*** Opening DATA PROVIDED ***
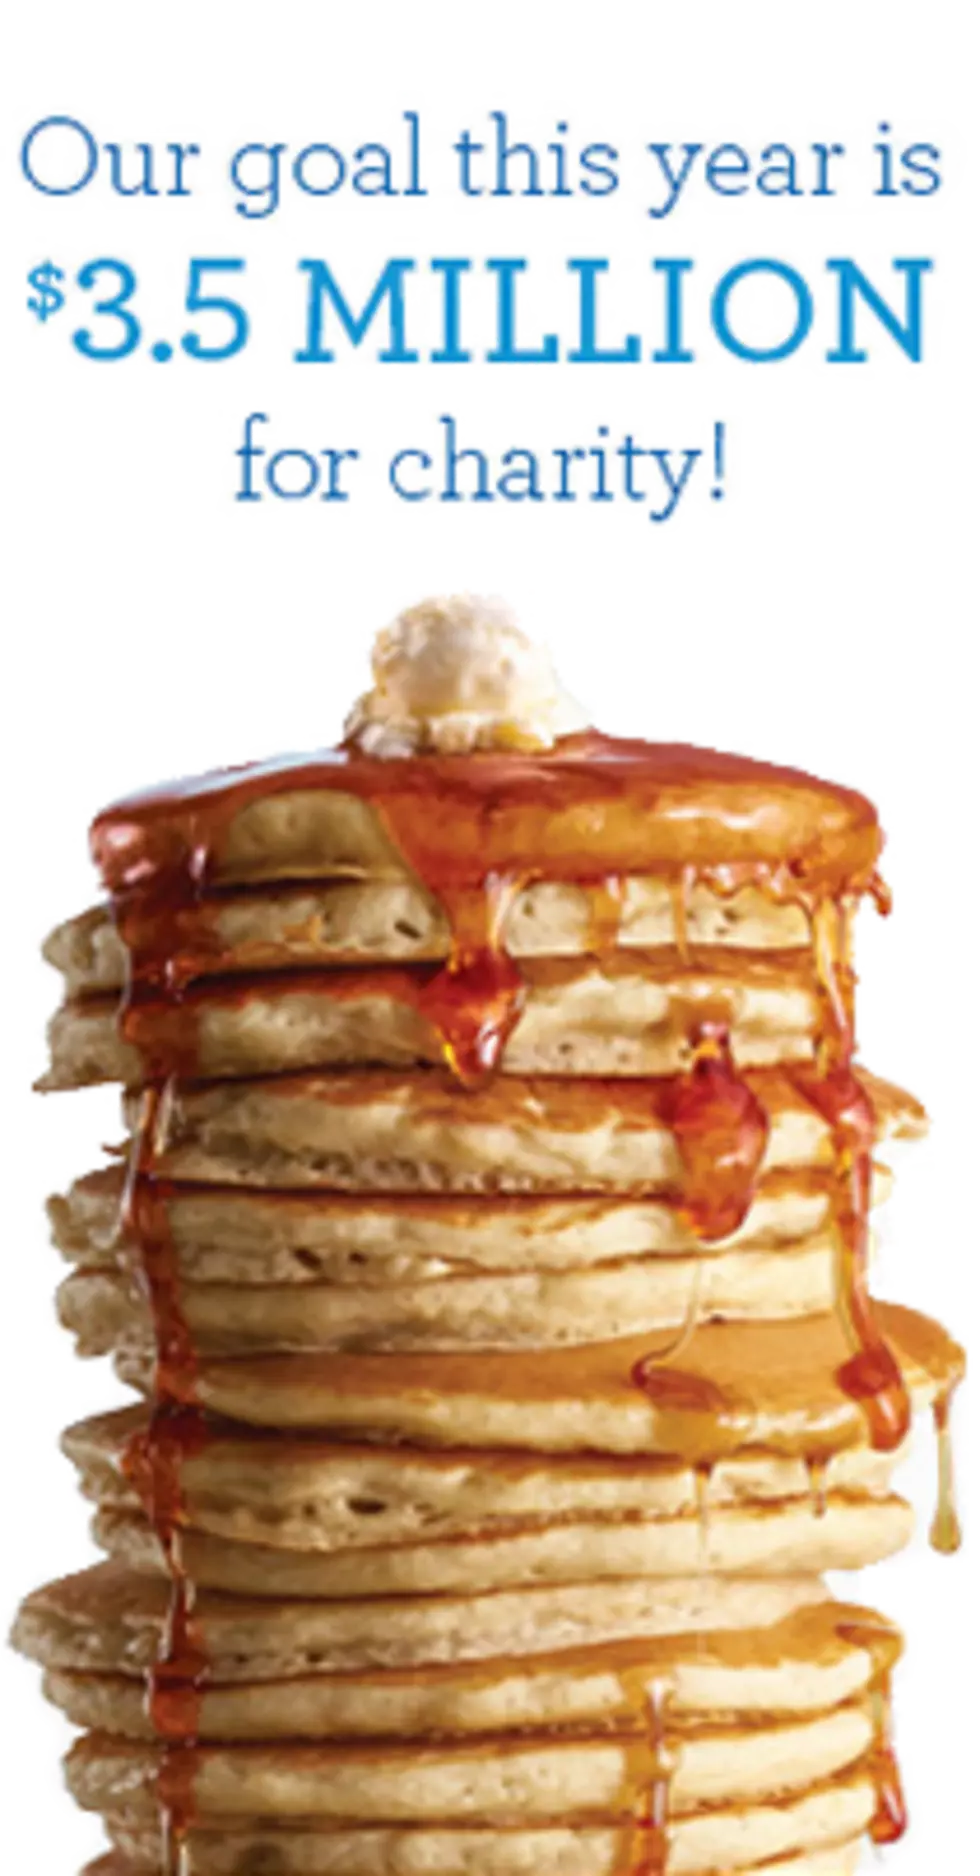 Free Pancakes on Tuesday
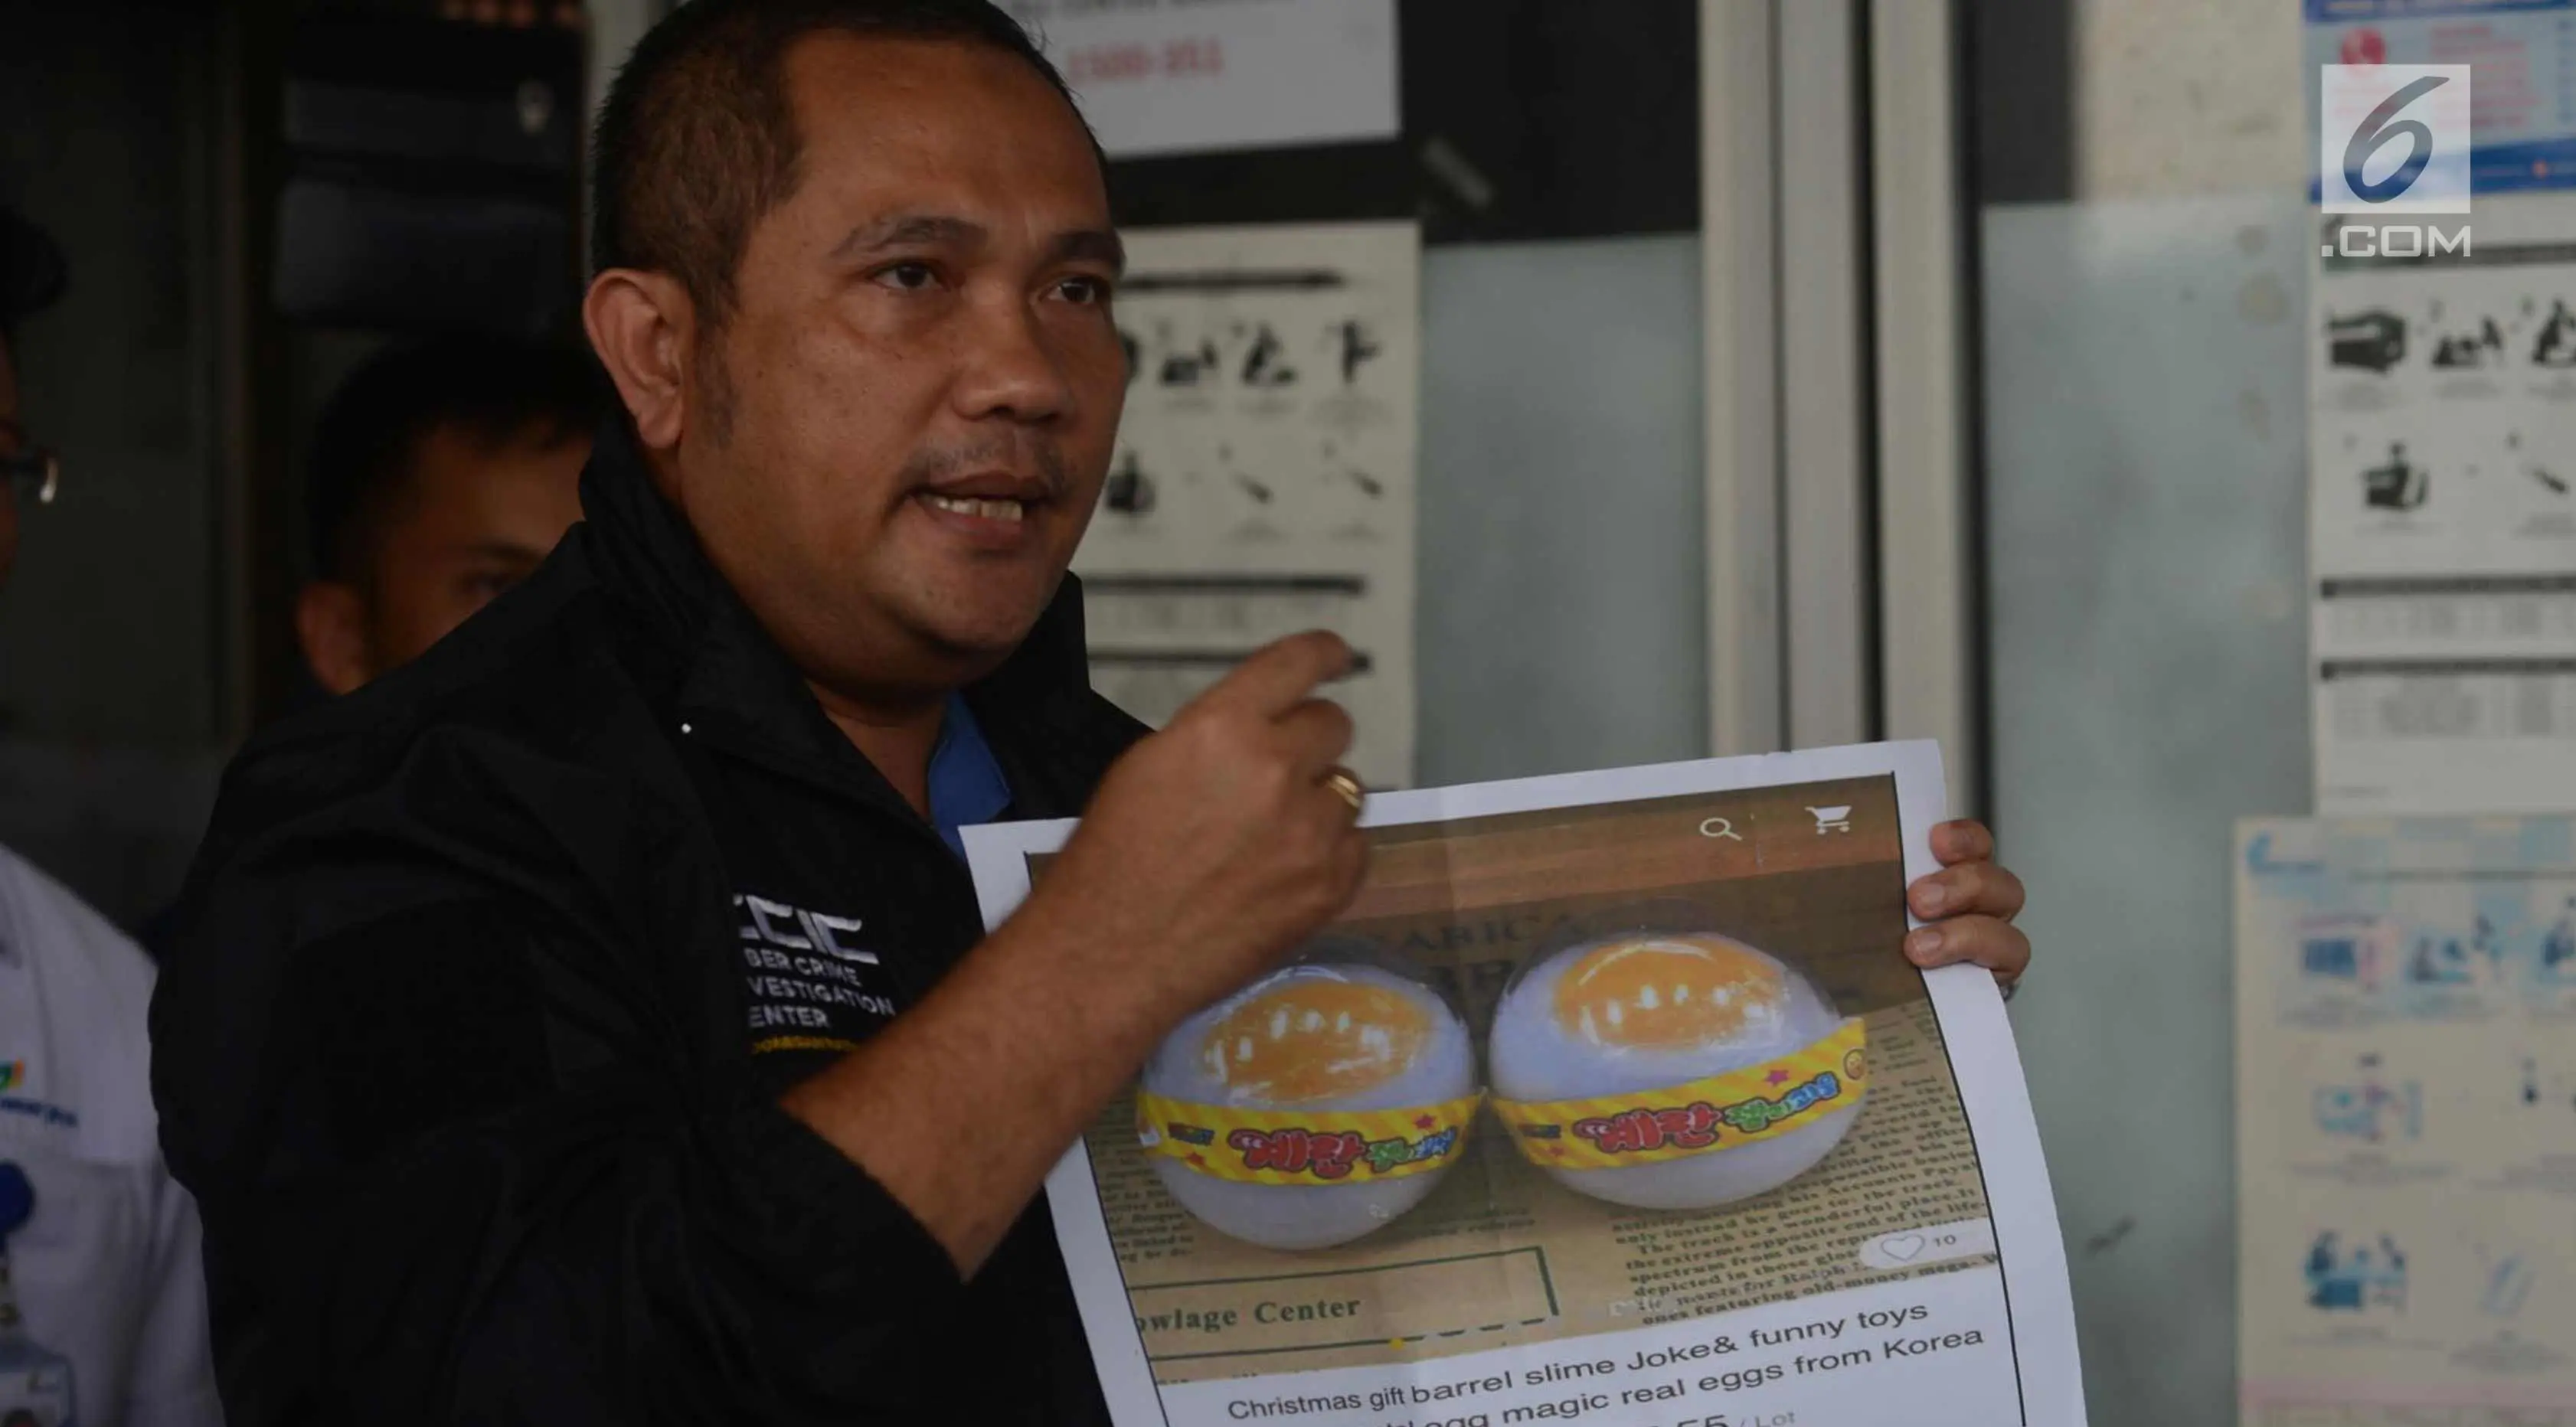 Petugas menjelaskan keaslian telur di Pasar Johar Baru, Jakarta, Selasa (27/3). Sebelumnya, viral di media sosial video telur palsu berada di pasar tersebut. Namun, setelah diuji sampel, telur tersebut memiliki kualitas bagus. (Merdeka.com/Imam Buhori)
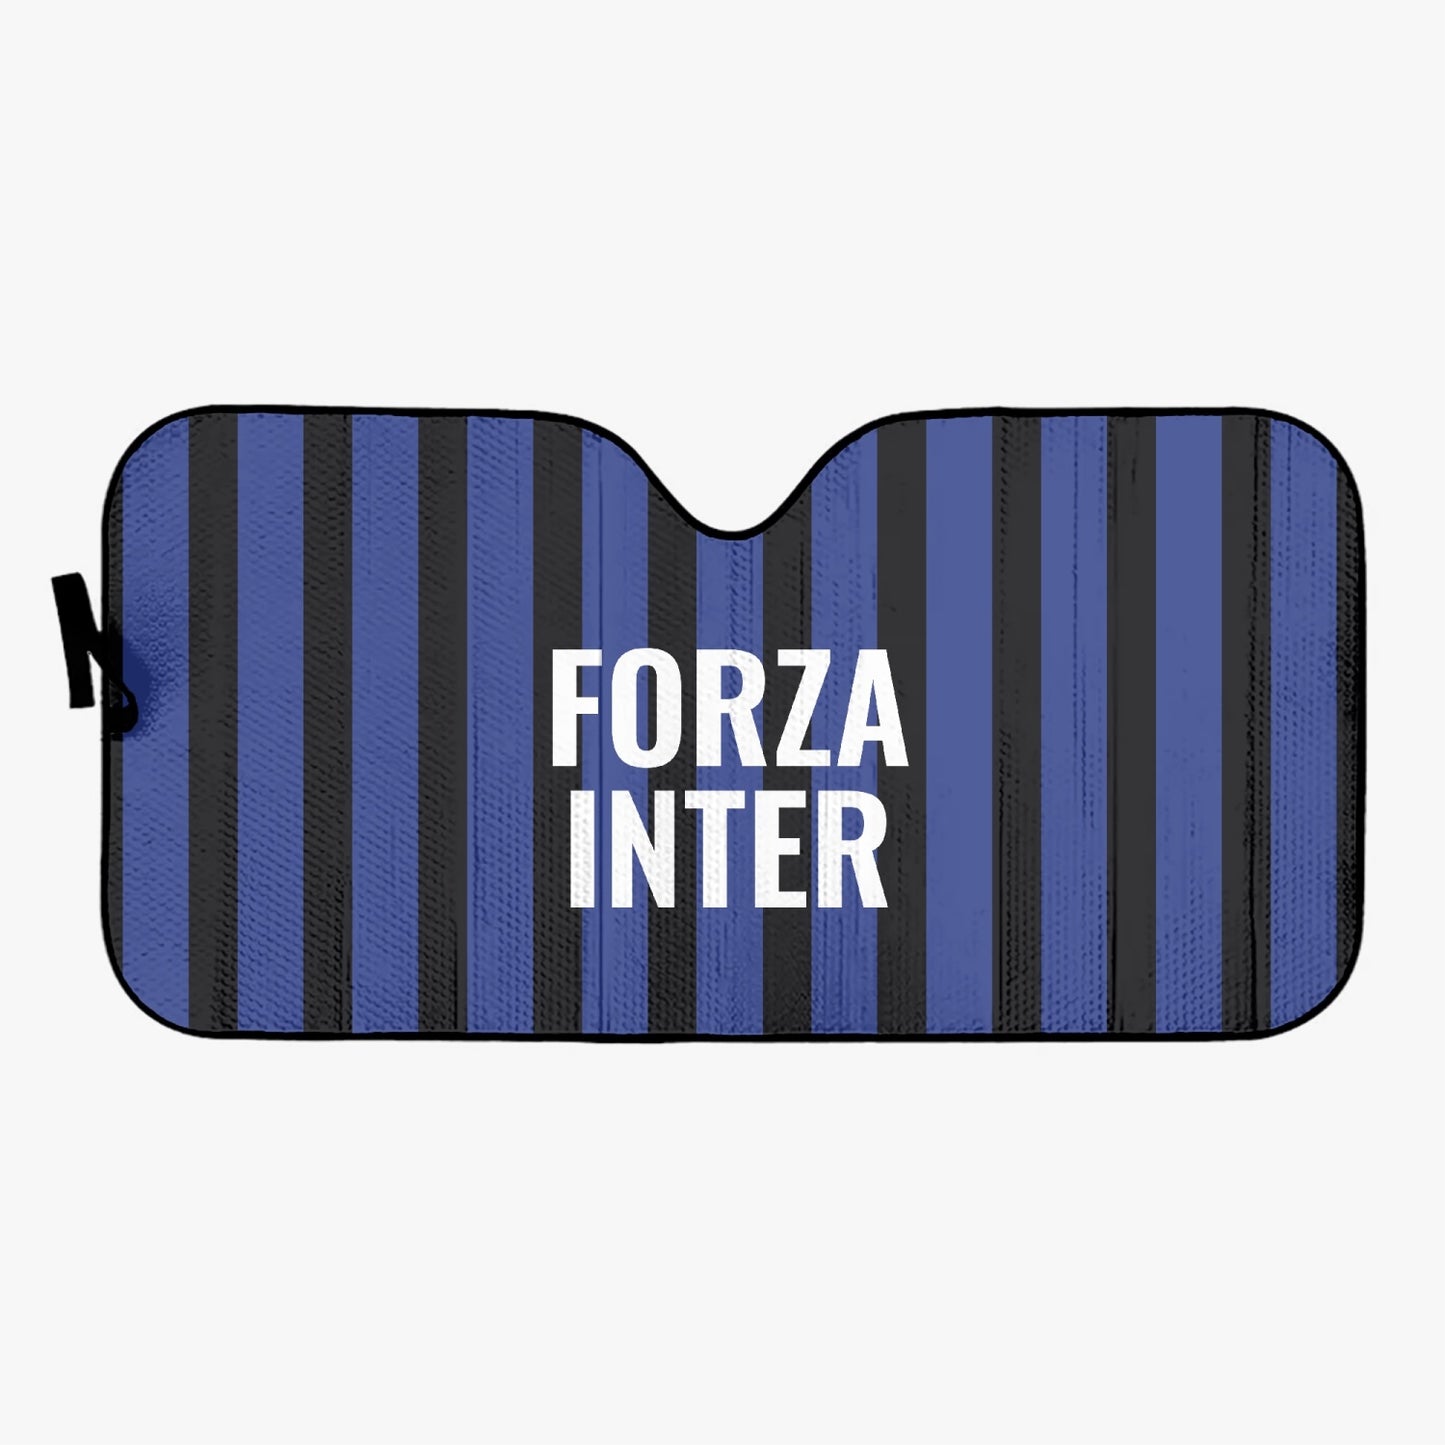 Forza Inter - Tendina parasole per auto
*** Closing DATA PROVIDED ***
PROBLEM TO WORK ON
Your answer should contain all the material above, written out exactly, and none of the pictures.

EXERCISE RESPONSE
 Free Pancakes on Tuesday
 Petugas menjelaskan keaslian telur di Pasar Johar Baru, Jakarta, Selasa (27/3). Sebelumnya, viral di media sosial video telur palsu berada di pasar tersebut. Namun, setelah diuji sampel, telur tersebut memiliki kualitas bagus. (Merdeka.com/Imam Buhori)
 Forza Inter - Tendina parasole per auto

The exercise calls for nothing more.